== Exercise materials ==
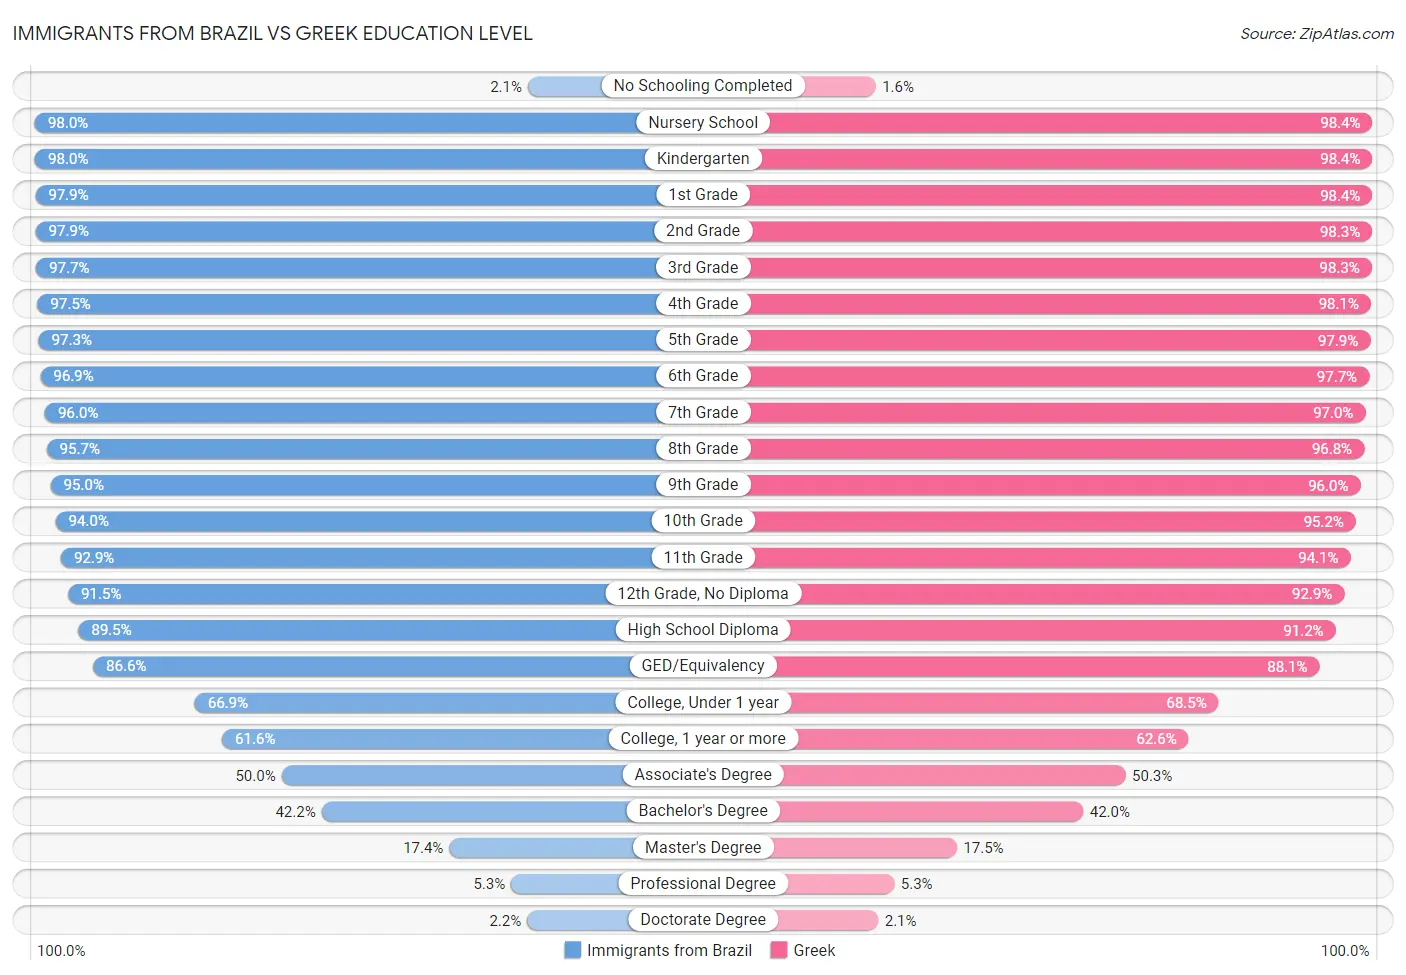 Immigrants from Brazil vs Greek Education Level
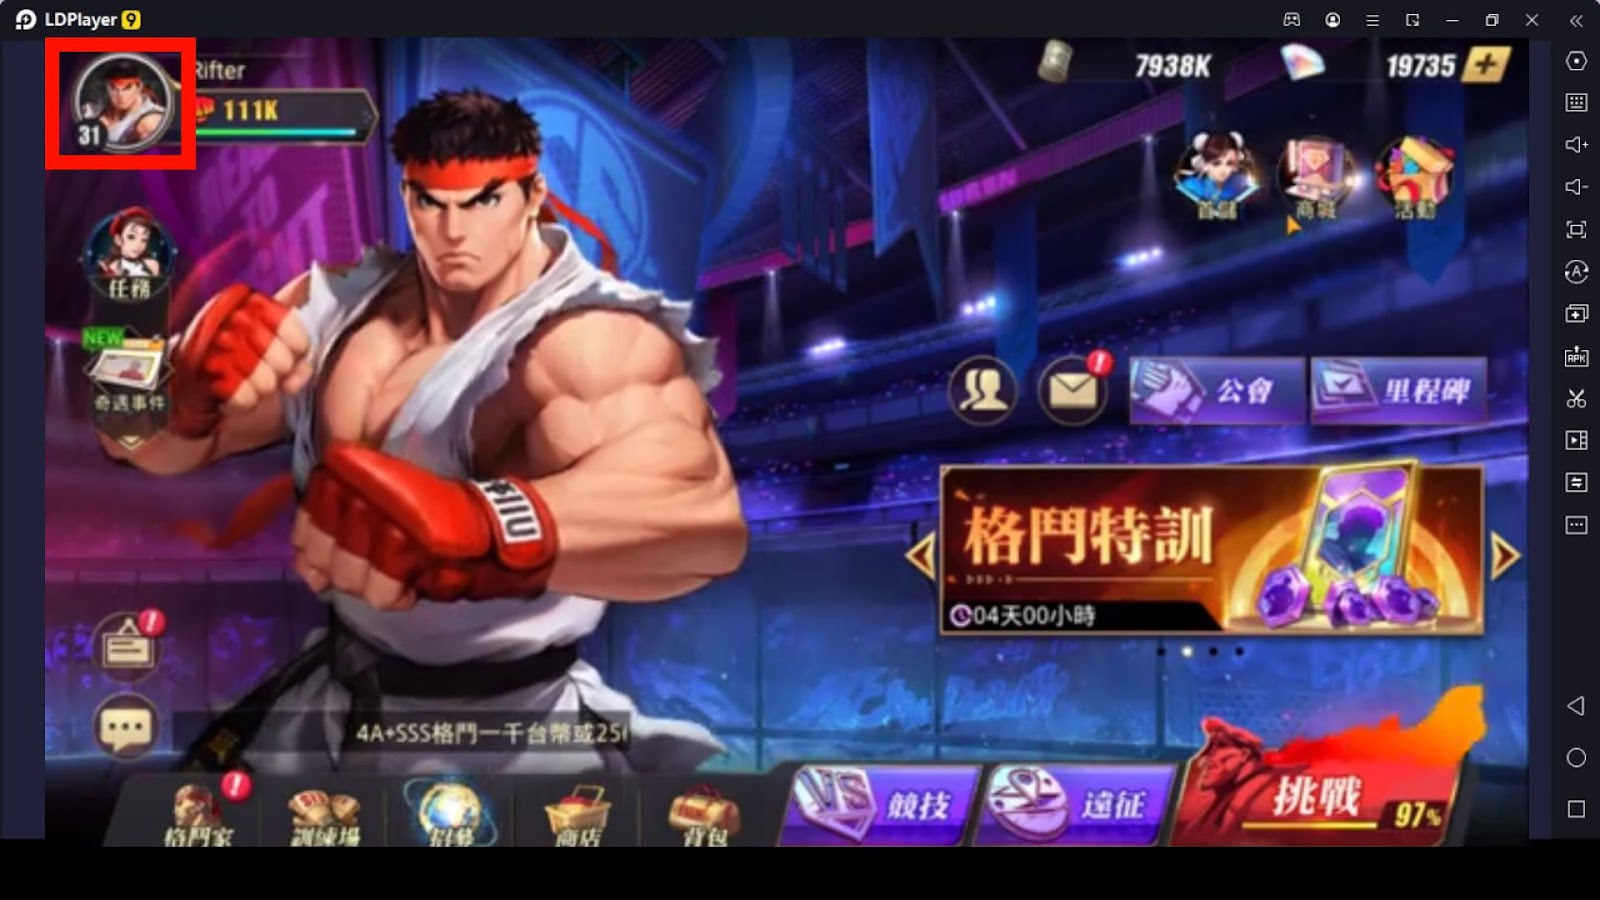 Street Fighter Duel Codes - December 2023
===
== Exercise materials ==
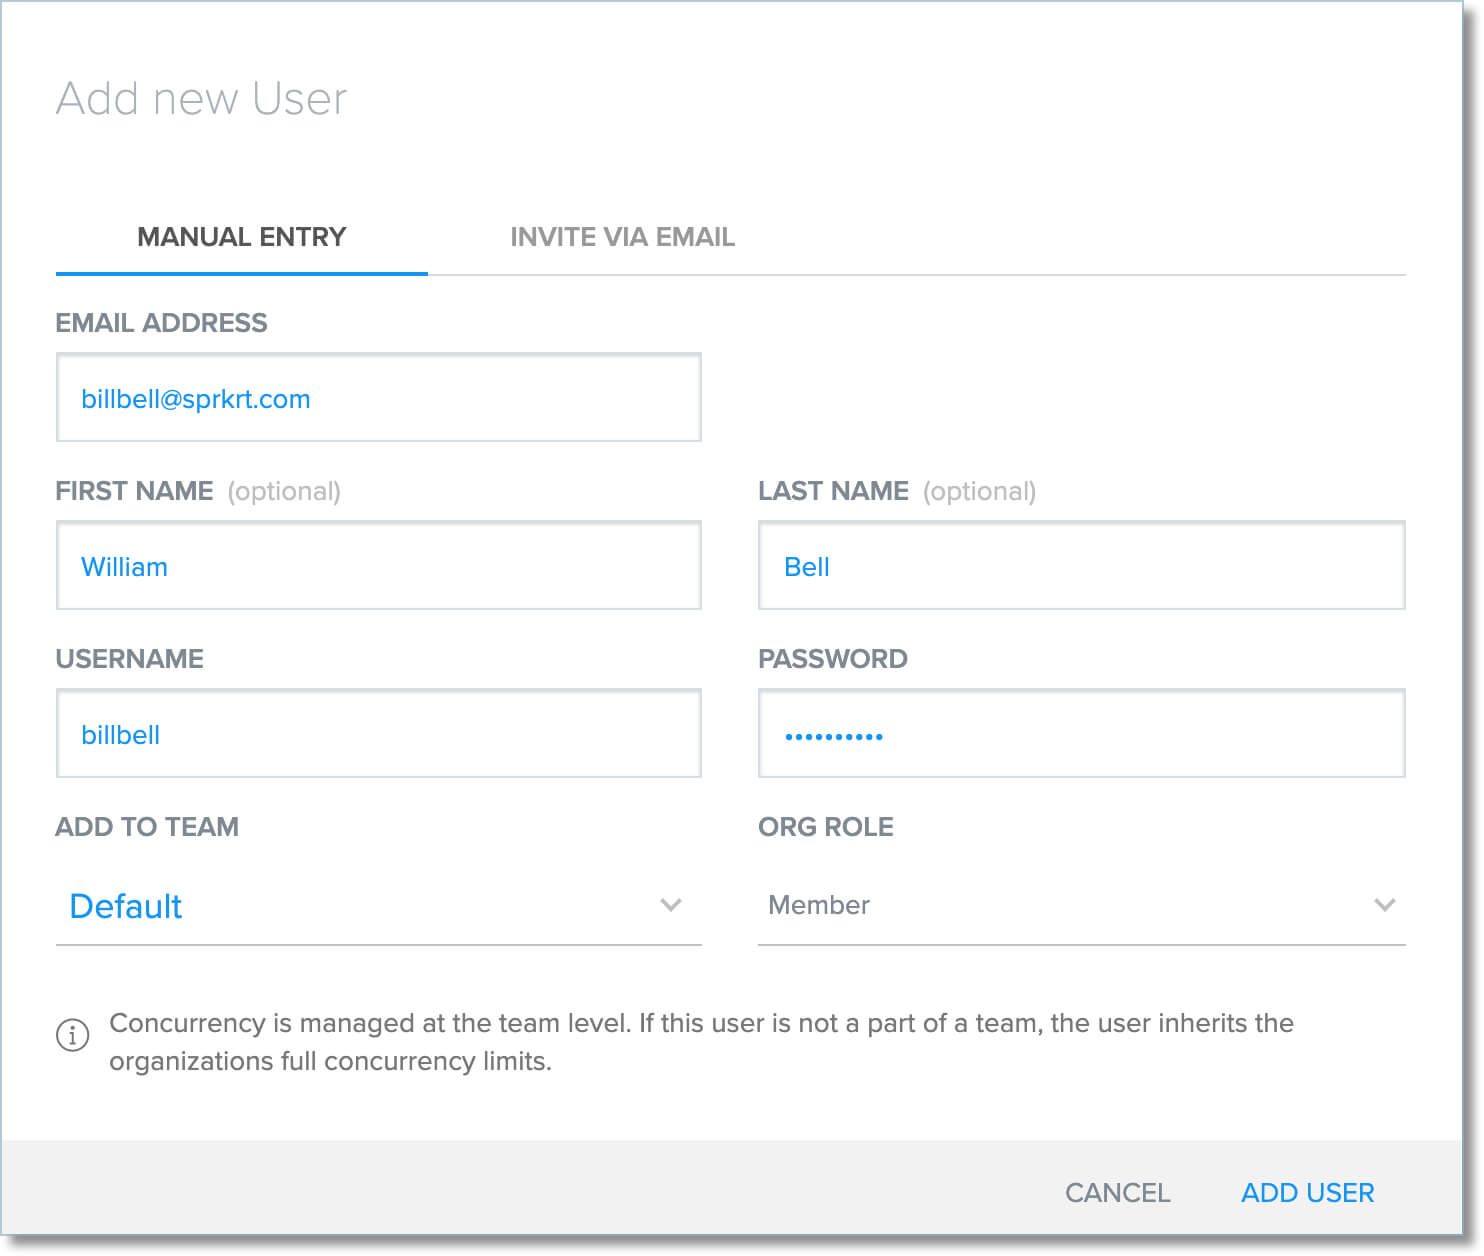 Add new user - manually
===
== Exercise materials ==
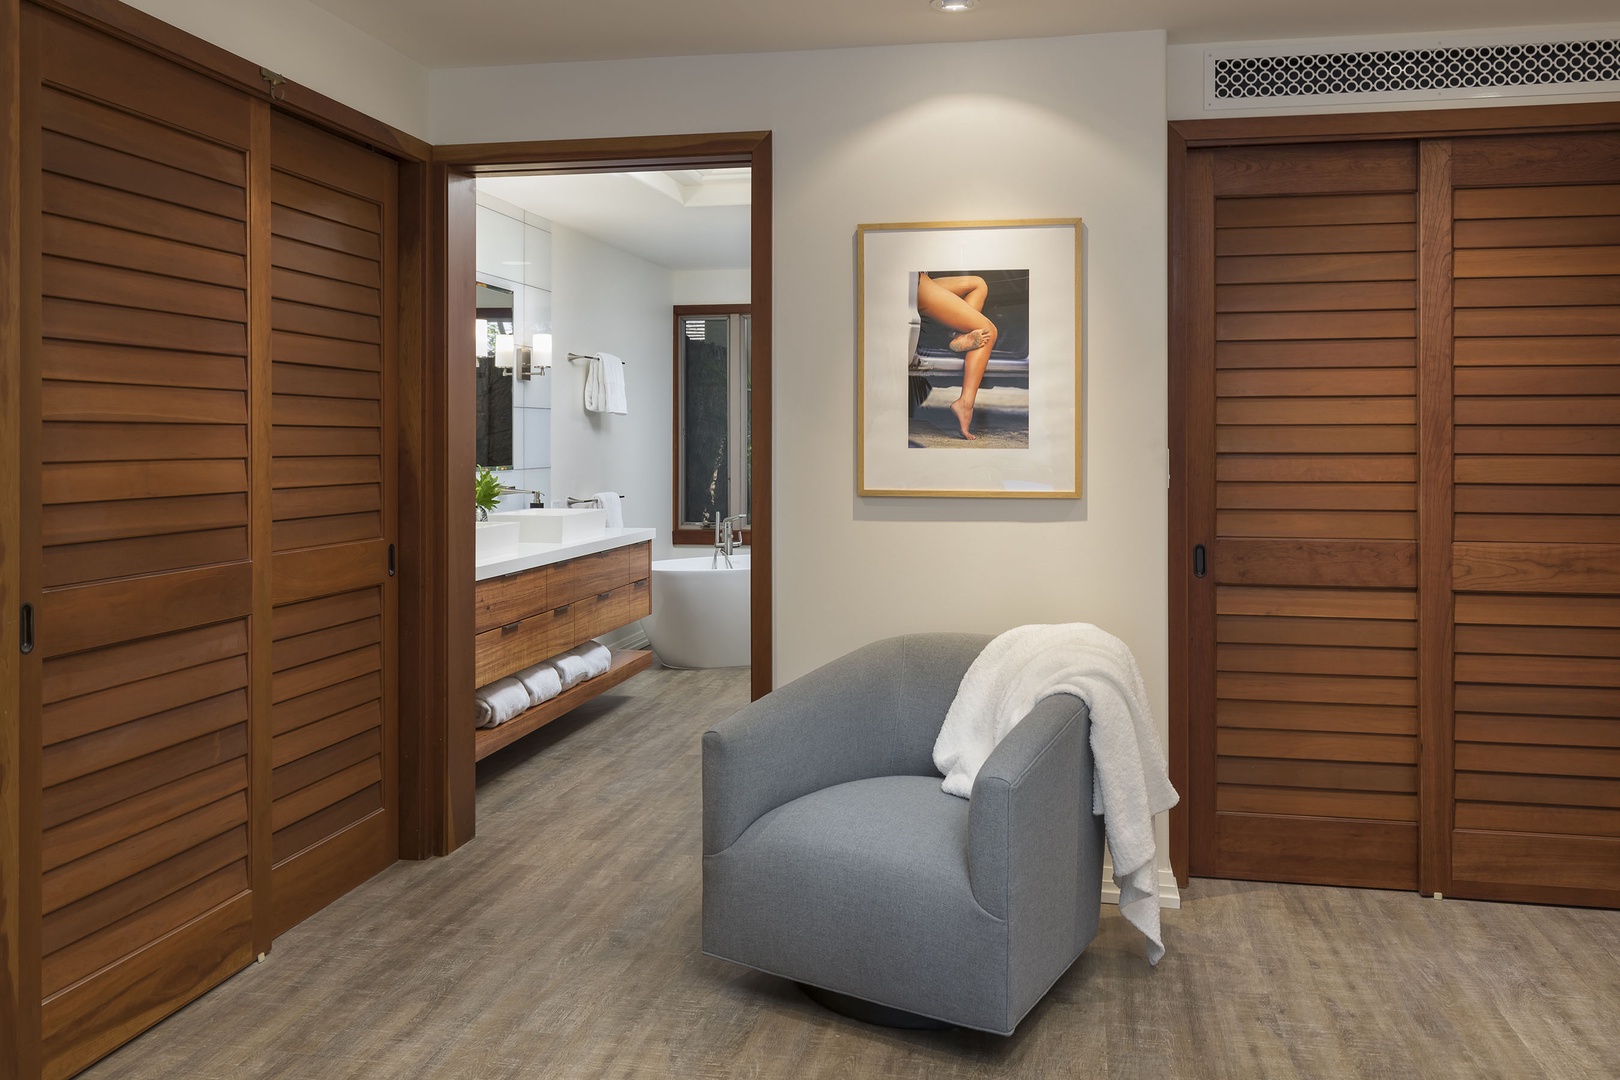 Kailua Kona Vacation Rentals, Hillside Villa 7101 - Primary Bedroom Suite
===
> _Assigned task_: If a picture sits between the line containing "Immigrants from Brazil" and the line containing "Street Fighter Duel Codes - December 2023", leave it out, and return the lines of that range above exactly, both ends included.

> _Task solution_:
 Immigrants from Brazil vs Greek Education Level
 Street Fighter Duel Codes - December 2023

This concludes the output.